ZFIN ID: ZDB-PUB-200118-22
Translation elongation factor 1A2 (eEF1A2) is encoded by one of four eef1a genes and is dispensable for survival in zebrafish
Idigo, N.J., Soares, D.C., Abbott, C.M.
Date: 2020
Source: Bioscience Reports   40(1): (Journal)
Registered Authors: Abbott, Catherine
Keywords: paralogs, translation, translation factors, zebrafish
MeSH Terms:
  • Animals
  • Animals, Genetically Modified
  • Gene Expression Regulation, Developmental
  • Genotype
  • HEK293 Cells
  • Humans
  • Mutation
  • Peptide Elongation Factor 1/genetics*
  • Peptide Elongation Factor 1/metabolism
  • Phenotype
  • Zebrafish/embryology
  • Zebrafish/genetics*
  • Zebrafish/metabolism
  • Zebrafish Proteins/genetics*
  • Zebrafish Proteins/metabolism
PubMed: 31950975 Full text @ Biosci. Rep.

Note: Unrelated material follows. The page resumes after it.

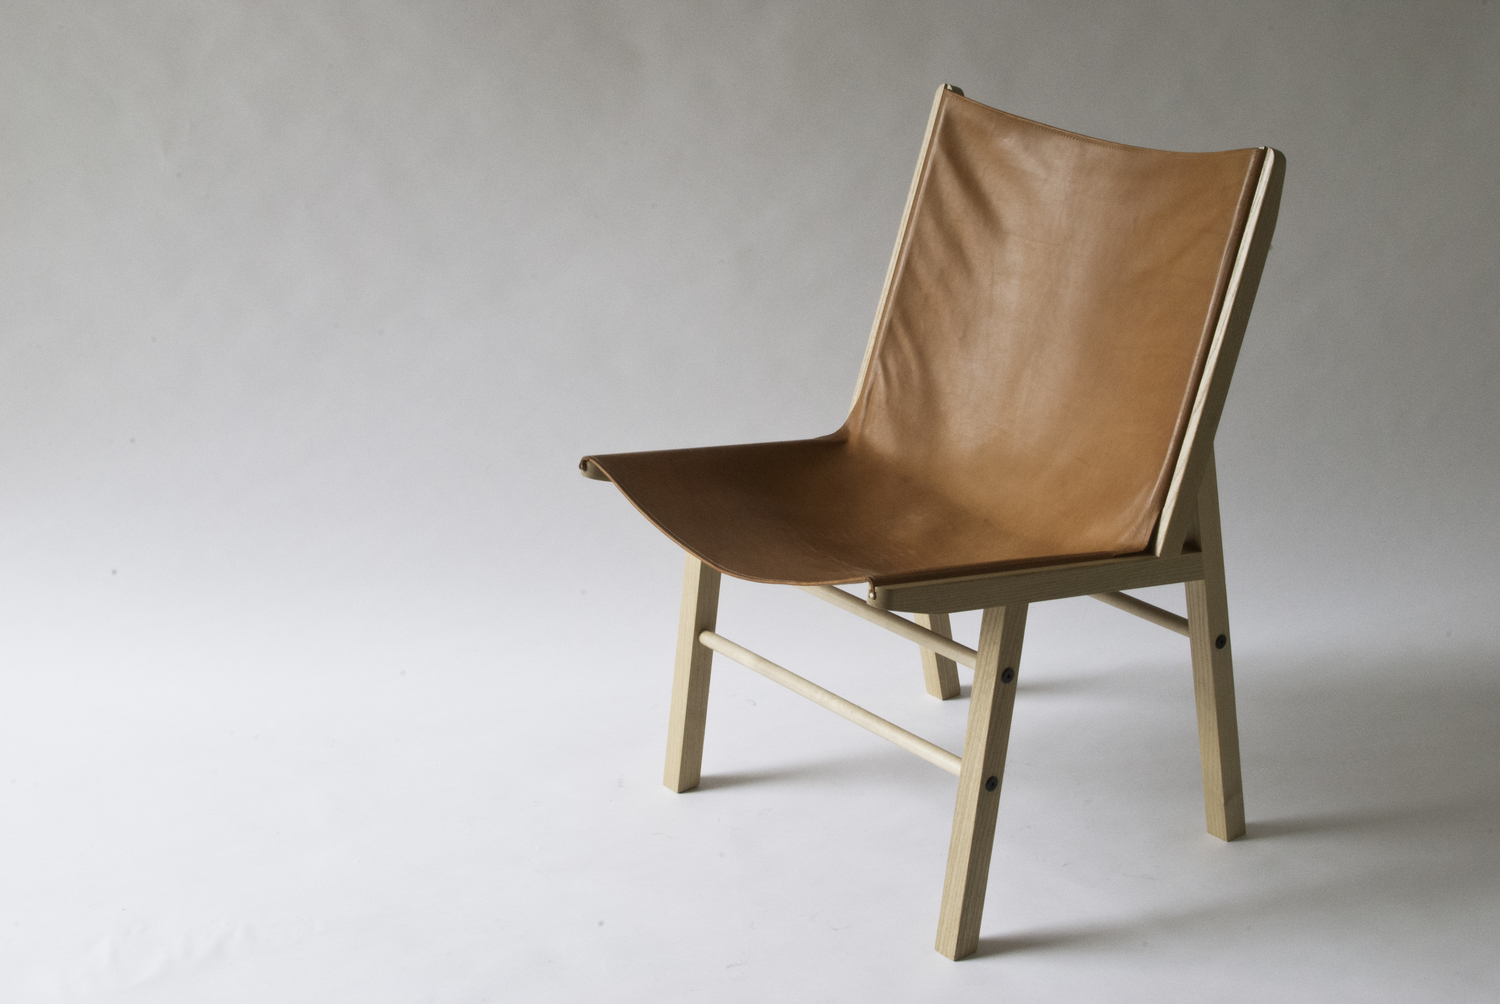 No. 3 Chair by Studio Gorm
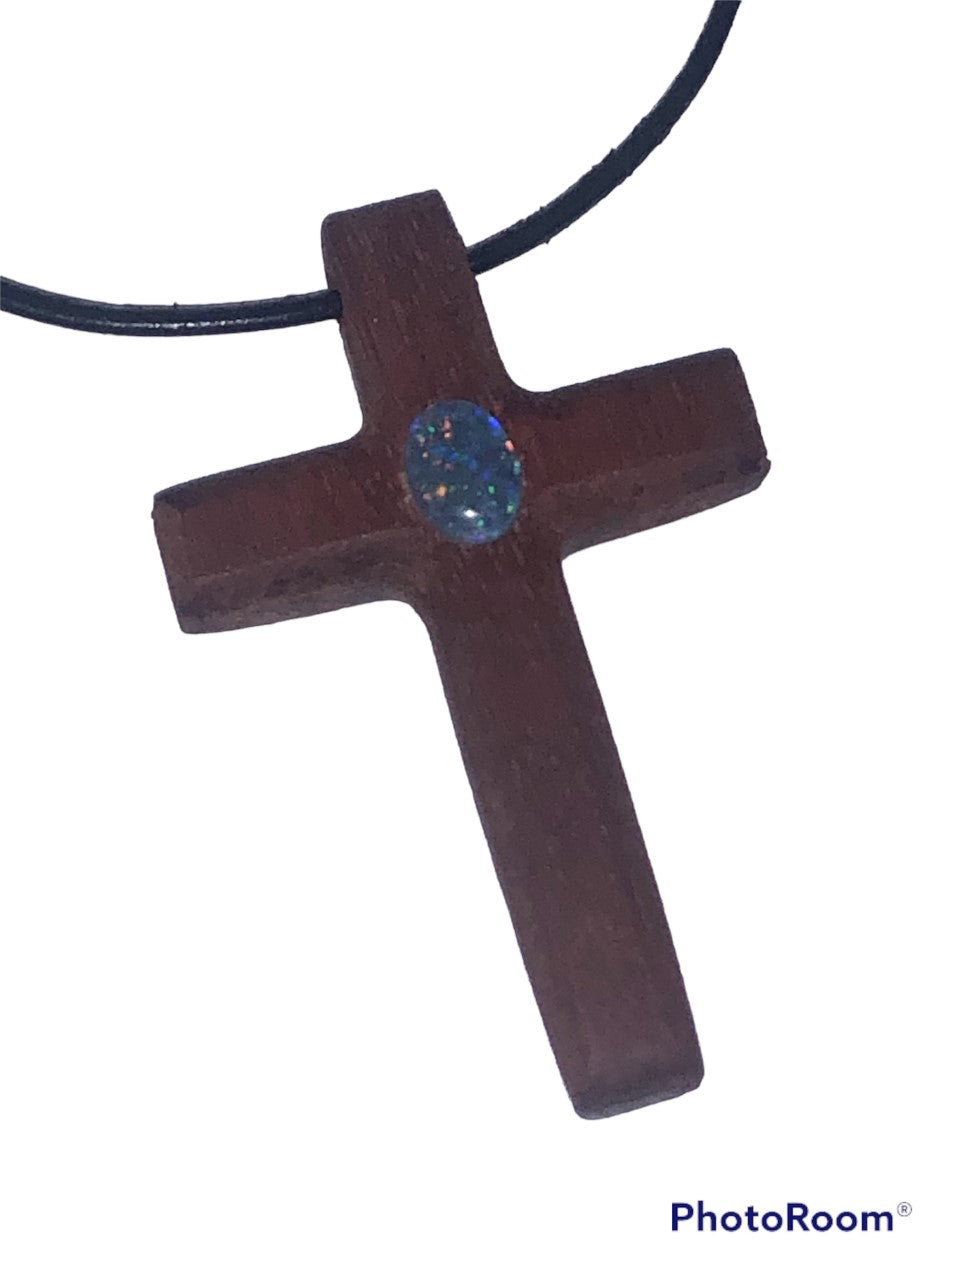 Wooden cross pendant with opal triplet

Zebrafish are valuable model organisms for the study of human single-gene disorders: they are genetically manipulable, their development is well understood, and mutant lines with measurable, disease-appropriate phenotypic abnormalities can be used for high throughput drug screening approaches. However, gene duplication events in zebrafish can result in redundancy of gene function, masking loss of function phenotypes and thus confounding this approach to disease modelling. Furthermore, recent studies have yielded contrasting results depending on whether specific genes are targeted using genome editing to make mutant lines, or whether morpholinos are used (morphants). De novo missense mutations in the human gene EEF1A2, encoding a tissue-specific translation elongation factor, cause severe neurodevelopmental disorders; there is a real need for a model system in which to study these disorders and we wanted to explore the possibility of a zebrafish model. We identified four eef1a genes and examined their developmental and tissue-specific expression patterns: eef1a1l1 is first to be expressed whilst eef1a2 is only detected later during development. We then determined the effects of introducing null mutations into eEF1A2 in zebrafish using CRISPR/Cas9 gene editing, in order to compare the results with previously described morphants, and with the severe neurodegenerative lethal phenotype of eEF1A2-null mice. In contrast with both earlier analysis in zebrafish using morpholinos and with the mouse eEF1A2-null mice, disruption of the eef1a2 gene in zebrafish is compatible with normal lifespan. The resulting lines, however, may provide a valuable platform for studying the effects of expression of mutant human eEF1A2 mRNA.